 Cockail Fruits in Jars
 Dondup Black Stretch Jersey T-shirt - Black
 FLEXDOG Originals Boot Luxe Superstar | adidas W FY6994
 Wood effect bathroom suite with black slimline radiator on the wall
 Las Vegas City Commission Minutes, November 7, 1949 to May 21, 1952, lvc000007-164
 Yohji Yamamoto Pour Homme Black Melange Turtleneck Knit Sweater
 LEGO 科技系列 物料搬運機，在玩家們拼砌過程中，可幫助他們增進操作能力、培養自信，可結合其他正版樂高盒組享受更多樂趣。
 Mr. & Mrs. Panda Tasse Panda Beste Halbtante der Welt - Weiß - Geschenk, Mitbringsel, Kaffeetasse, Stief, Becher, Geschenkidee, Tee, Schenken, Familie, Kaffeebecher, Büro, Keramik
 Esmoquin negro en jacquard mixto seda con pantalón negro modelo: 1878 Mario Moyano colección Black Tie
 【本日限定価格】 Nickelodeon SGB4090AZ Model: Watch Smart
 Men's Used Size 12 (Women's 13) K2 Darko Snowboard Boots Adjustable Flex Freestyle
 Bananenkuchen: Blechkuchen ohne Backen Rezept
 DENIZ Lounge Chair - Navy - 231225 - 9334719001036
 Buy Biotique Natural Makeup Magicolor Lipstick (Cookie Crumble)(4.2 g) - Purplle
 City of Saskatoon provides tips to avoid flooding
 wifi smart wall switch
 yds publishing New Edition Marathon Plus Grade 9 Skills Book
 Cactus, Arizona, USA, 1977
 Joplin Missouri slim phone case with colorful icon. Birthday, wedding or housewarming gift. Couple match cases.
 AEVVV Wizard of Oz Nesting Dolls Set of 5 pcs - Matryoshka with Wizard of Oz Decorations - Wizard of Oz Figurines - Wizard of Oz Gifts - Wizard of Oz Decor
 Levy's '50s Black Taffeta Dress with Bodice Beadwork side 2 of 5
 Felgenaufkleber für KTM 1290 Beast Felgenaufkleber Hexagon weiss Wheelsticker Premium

□ □ □ □

• [TASK]:
Only one span is wanted. It runs from the first line of the listing through the line with "Model: Watch Smart", and each line must match exactly.

• [OUTPUT OF THE TASK]:
 Cockail Fruits in Jars
 Dondup Black Stretch Jersey T-shirt - Black
 FLEXDOG Originals Boot Luxe Superstar | adidas W FY6994
 Wood effect bathroom suite with black slimline radiator on the wall
 Las Vegas City Commission Minutes, November 7, 1949 to May 21, 1952, lvc000007-164
 Yohji Yamamoto Pour Homme Black Melange Turtleneck Knit Sweater
 LEGO 科技系列 物料搬運機，在玩家們拼砌過程中，可幫助他們增進操作能力、培養自信，可結合其他正版樂高盒組享受更多樂趣。
 Mr. & Mrs. Panda Tasse Panda Beste Halbtante der Welt - Weiß - Geschenk, Mitbringsel, Kaffeetasse, Stief, Becher, Geschenkidee, Tee, Schenken, Familie, Kaffeebecher, Büro, Keramik
 Esmoquin negro en jacquard mixto seda con pantalón negro modelo: 1878 Mario Moyano colección Black Tie
 【本日限定価格】 Nickelodeon SGB4090AZ Model: Watch Smart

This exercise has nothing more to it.